Retype each line of the data below exactly, beginning with the first and ending with the one that contains "ELW 8-9 oz (3.2-3.6mm)". Pictures do not belong in the copy.

- **Information supplied**:
[Start of Attachment]

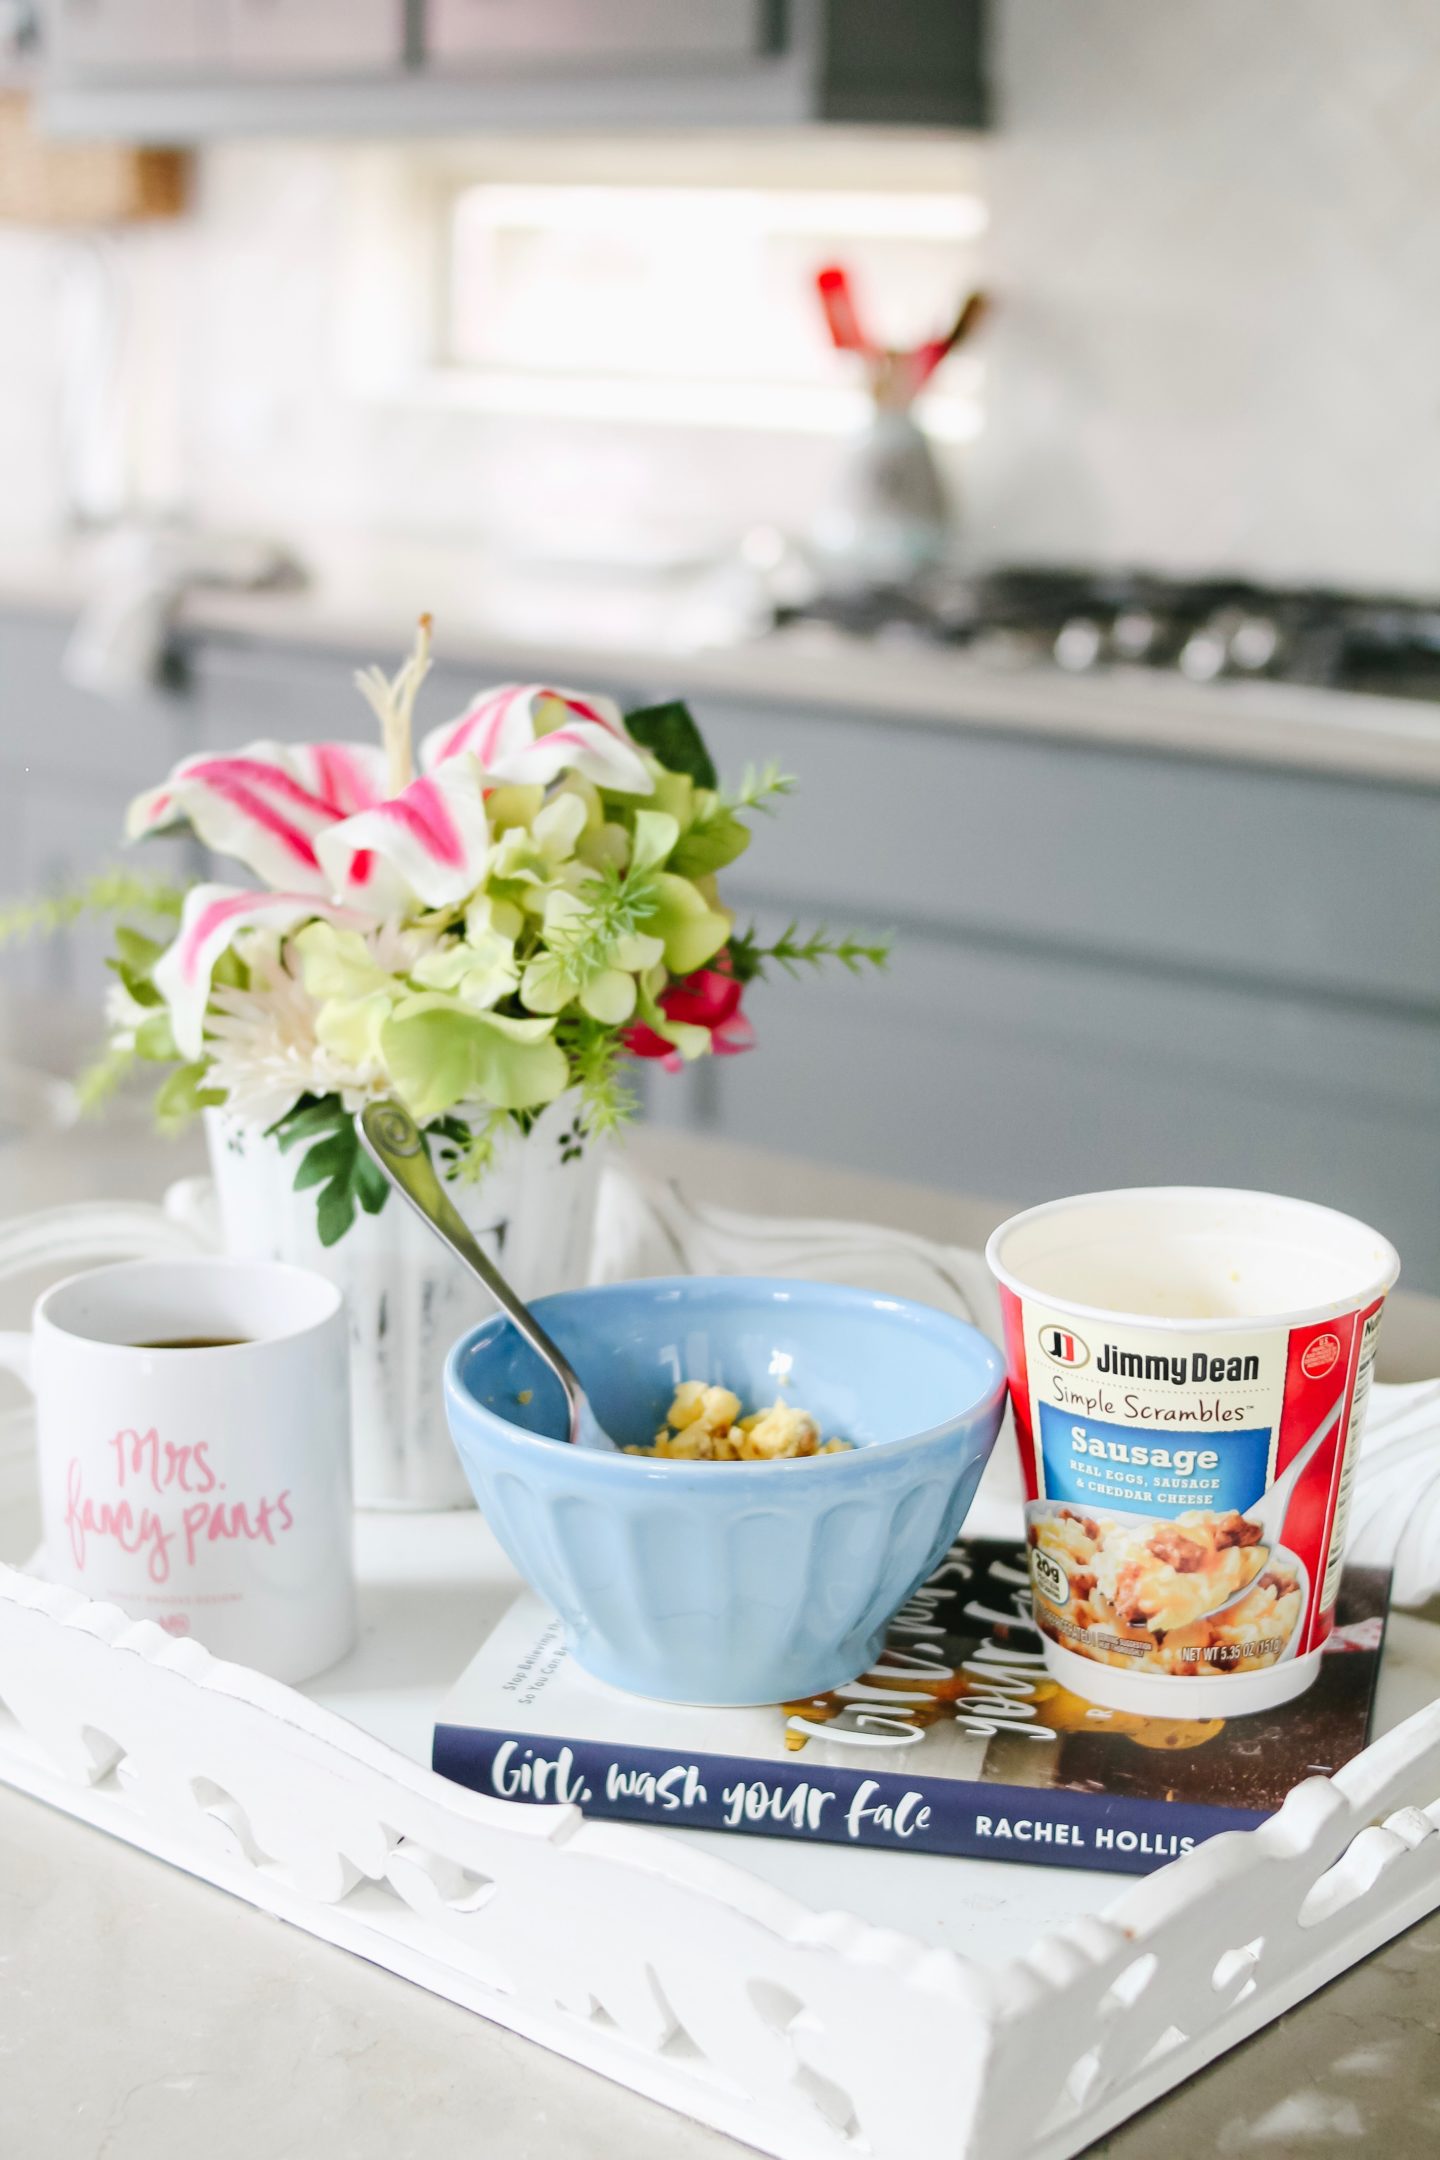 Breakfast hack! 5 Ways to Brighten Up Your Morning Routine. The best morning routine for the most productive day! Especially great for stay-at-home moms & work-from-home moms!
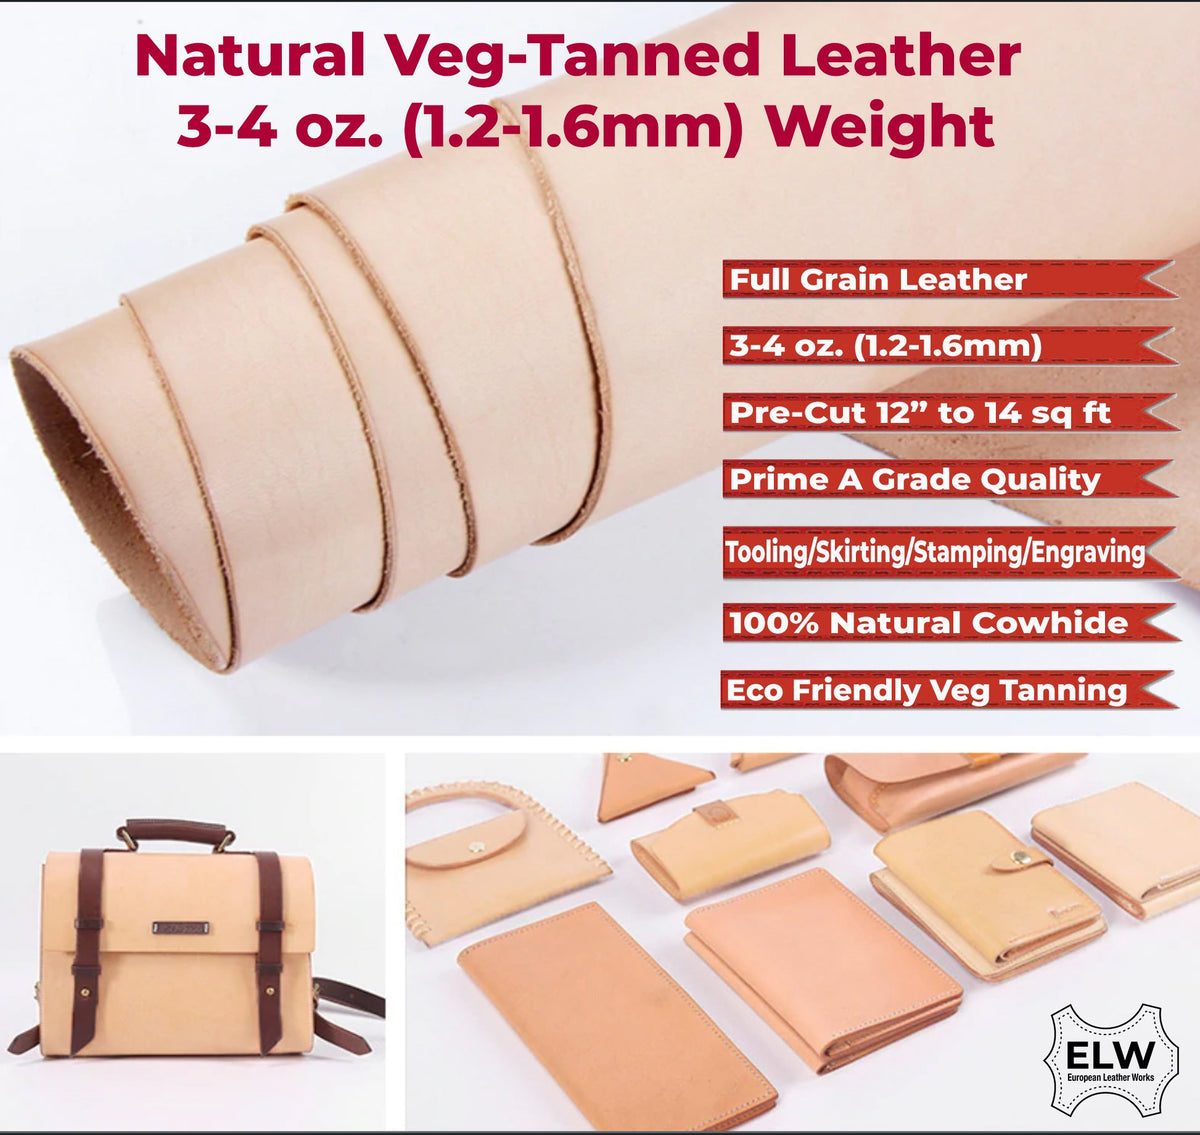 ELW 8-9 oz (3.2-3.6mm) Thickness Weight Pre-Cut 12x24 Vegetable Tanned  Leather Cowhide Grade AB Full Grain Leather for Tooling, Carving,  Engraving
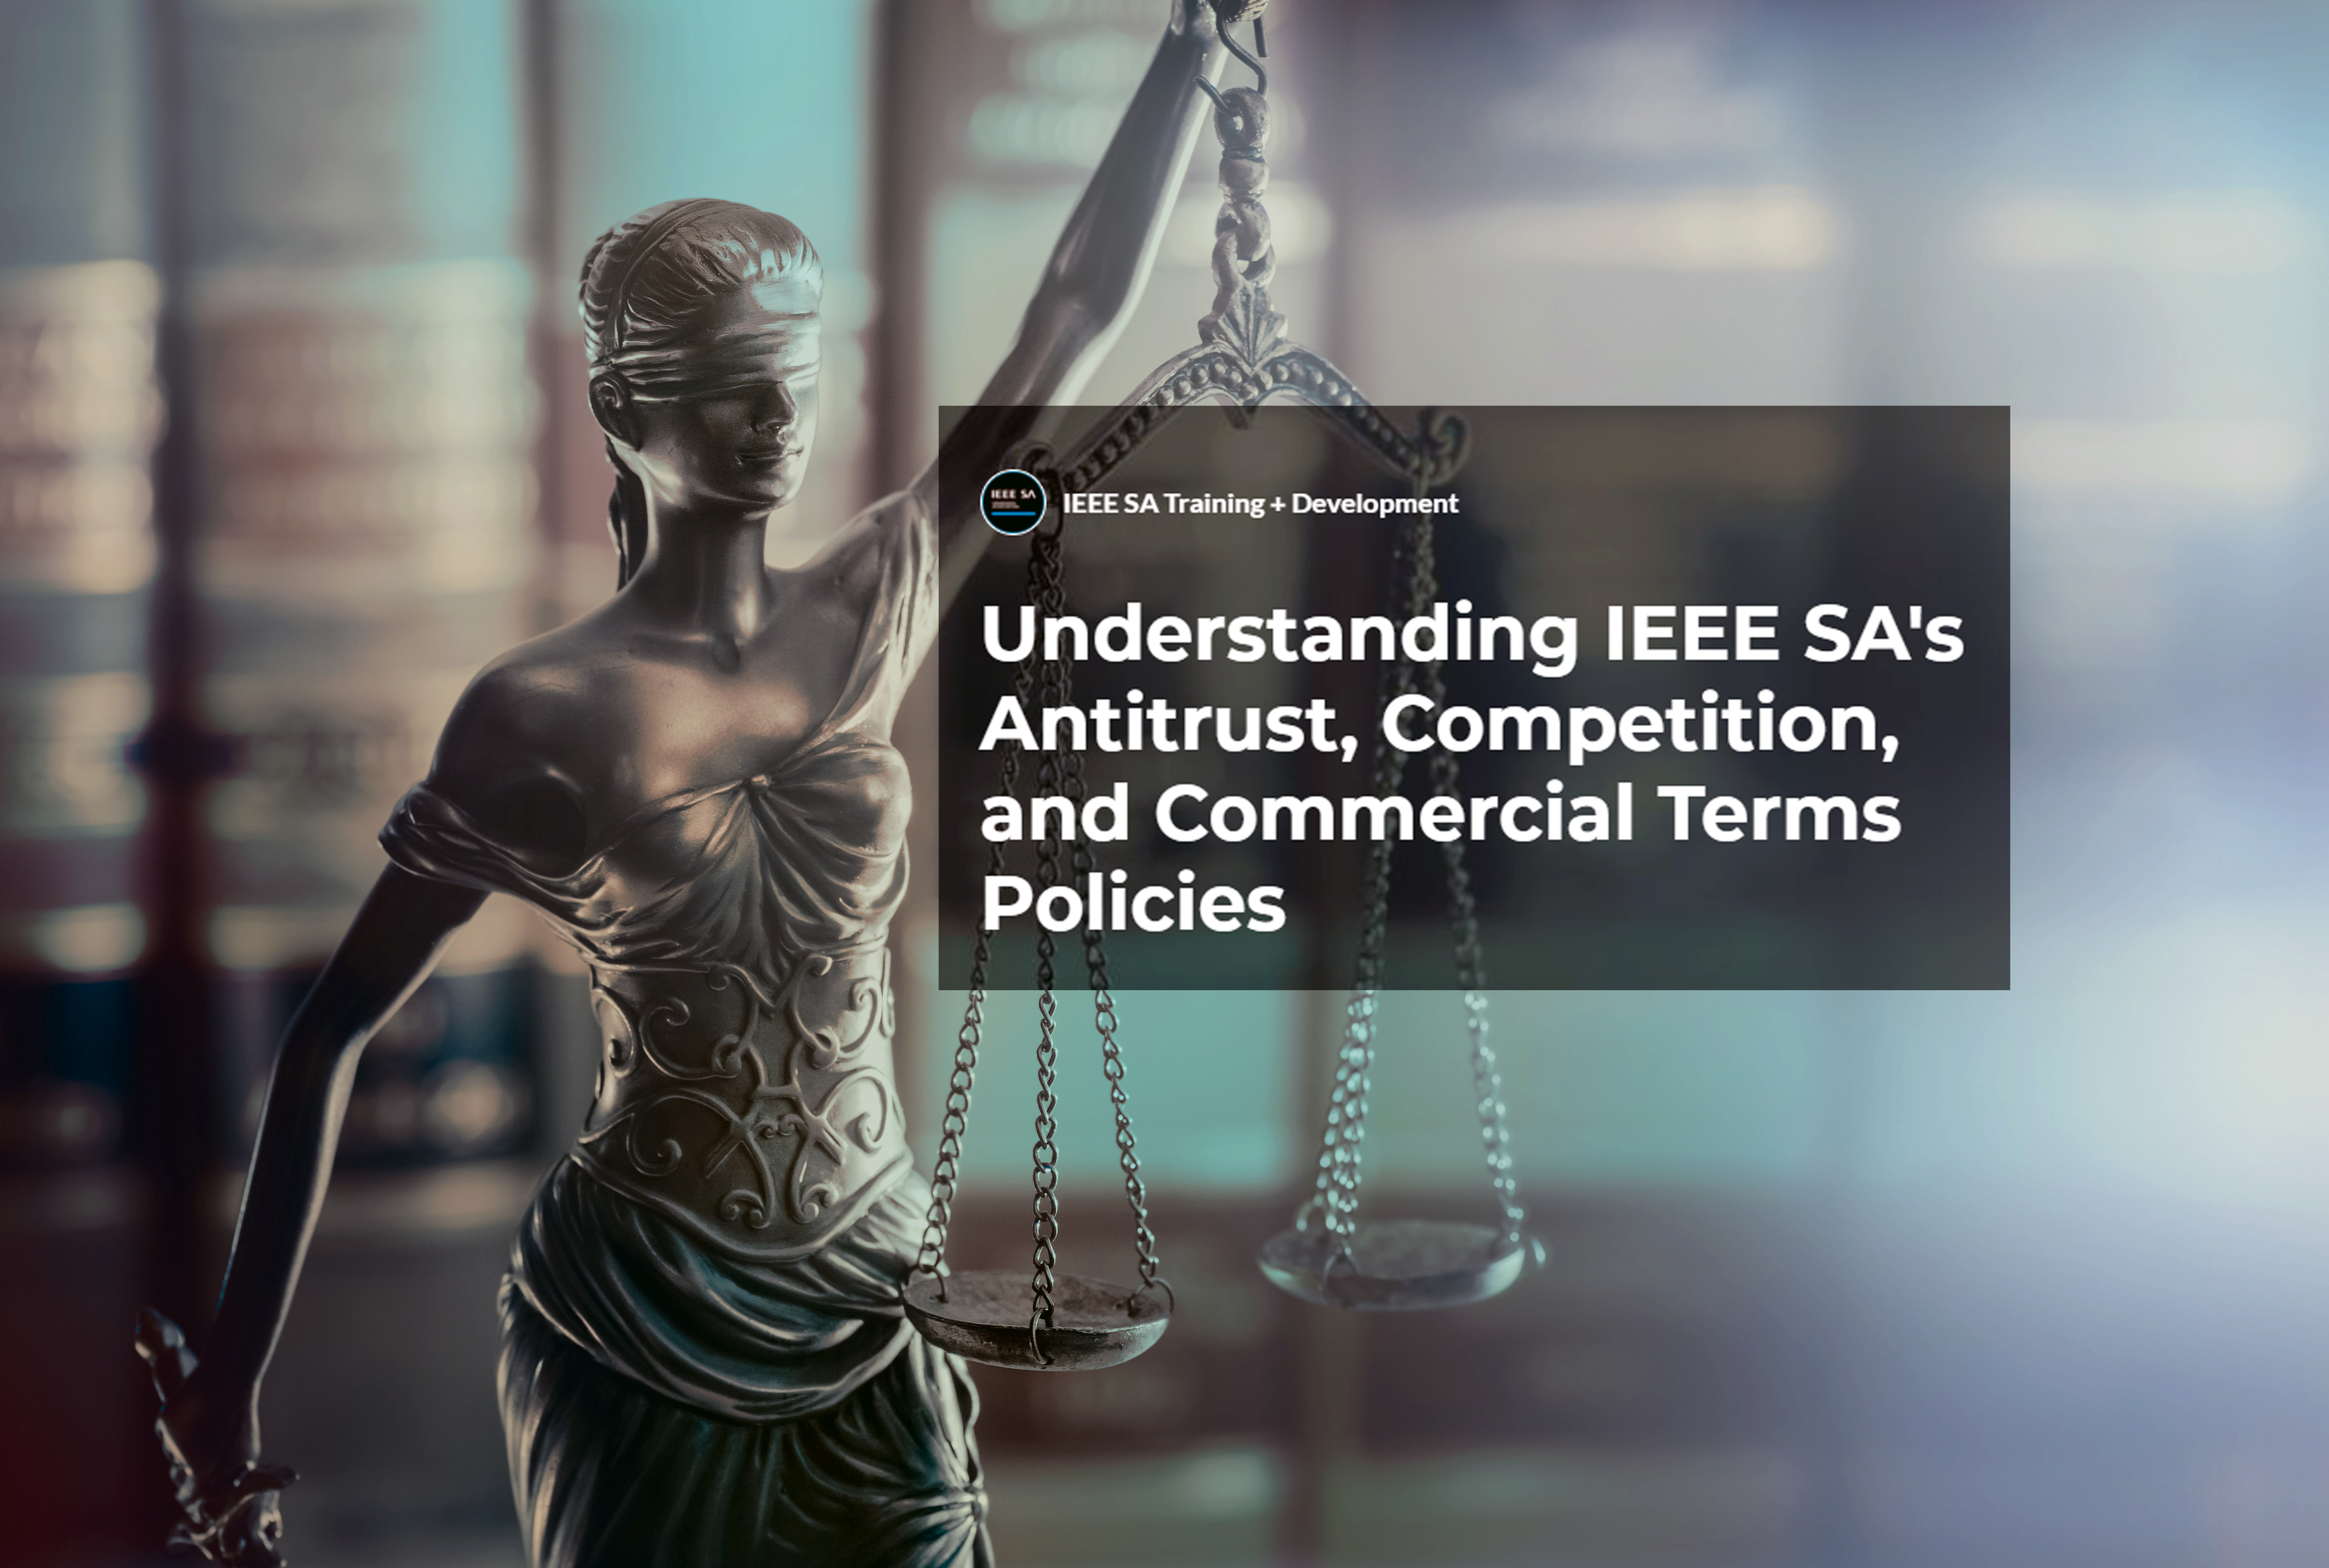 Understanding IEEE SA's Antitrust, Competition, and Commercial Terms Policies  - Traditional Chinese

[End of Attachment]

- **Expected output**:
 Breakfast hack! 5 Ways to Brighten Up Your Morning Routine. The best morning routine for the most productive day! Especially great for stay-at-home moms & work-from-home moms!
 ELW 8-9 oz (3.2-3.6mm) Thickness Weight Pre-Cut 12x24 Vegetable Tanned  Leather Cowhide Grade AB Full Grain Leather for Tooling, Carving,  Engraving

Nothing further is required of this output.